Я лишь киваю. Что толку спорить? Как объяснить, что на меня давит не жара, а груз давней-предавней вины?

* * *

Урсула завозит меня в гостиную. Мы не проходим внутрь — просто не можем. На расстоянии четырех шагов от двери протянута красная ленточка. Наверное, хранители музея не хотят, чтобы экскурсанты бродили по комнатам, трогали грязными пальцами старинную мебель. Урсула ставит кресло у стены и садится рядом на специальную скамеечку для посетителей.

За нашими спинами толпятся другие туристы, показывают друг другу на роскошно накрытый стол, ахают и охают, заметив тигриную шкуру на спинке одного из кресел. Ни один из них не видит, что в комнате полным-полно привидений.

* * *

Полиция допрашивала нас именно здесь, в гостиной. Бедный Тедди. Он не знал, как себя вести.

— Он был поэтом, понимаете? — объяснял он полицейским, кутаясь в плед, накинутый поверх праздничного костюма. — Познакомился с моей женой, когда она была еще ребенком. Приятный человек, безалаберный, конечно, но неопасный. Дружил с моей свояченицей и ее друзьями.

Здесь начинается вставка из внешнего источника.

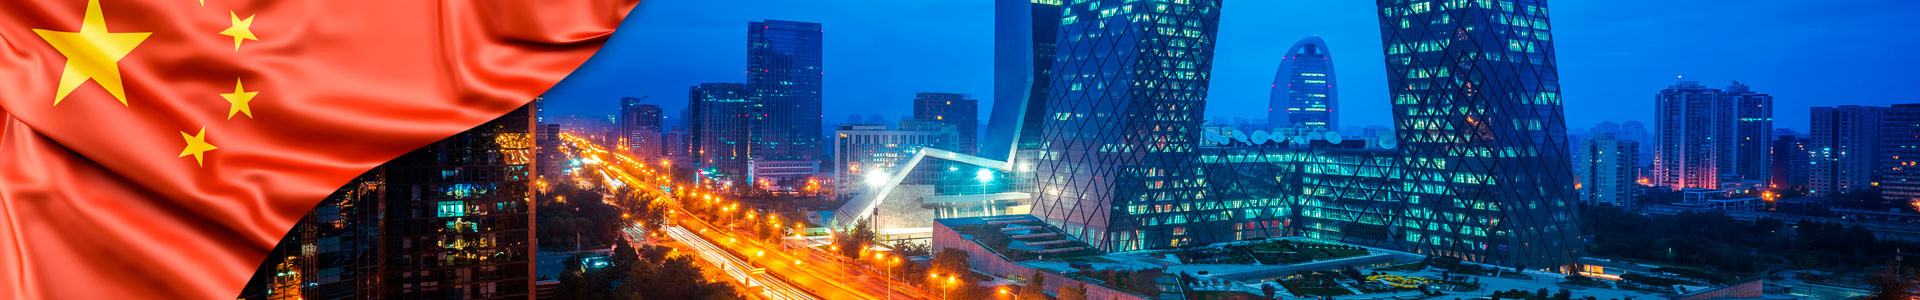 Bandera de China con paisaje urbano nocturno con edificio y carretera en la ciudad de Pekín, China

В ту ночь допросили всех. Кроме Ханны и Эммелин. Тедди добился того, чтобы их не трогали. Сестры и так в шоке после увиденного, сказал он, нельзя заставлять их переживать все вновь. И так велико было влияние семьи Лакстонов, что полиция пошла ему навстречу.

Тем более что подробности никого особо не интересовали. Наступила поздняя ночь, полицейские спешили домой, к женам и теплым постелям. Им было вполне достаточно того, что они уже услышали. Сказать по правде, история самая обычная. Дебора не зря говорила, что в Лондоне, да и во всем мире, множество молодых людей не смогли вернуться к нормальной жизни после того, что увидели и испытали на войне. То, что Робби был поэтом, только добавляло ему непредсказуемости. Творческие люди склонны к неожиданным, отчаянным поступкам.

* * *

Появляется наша группа. Берил подхватывает меня и Урсулу и ведет всех в библиотеку.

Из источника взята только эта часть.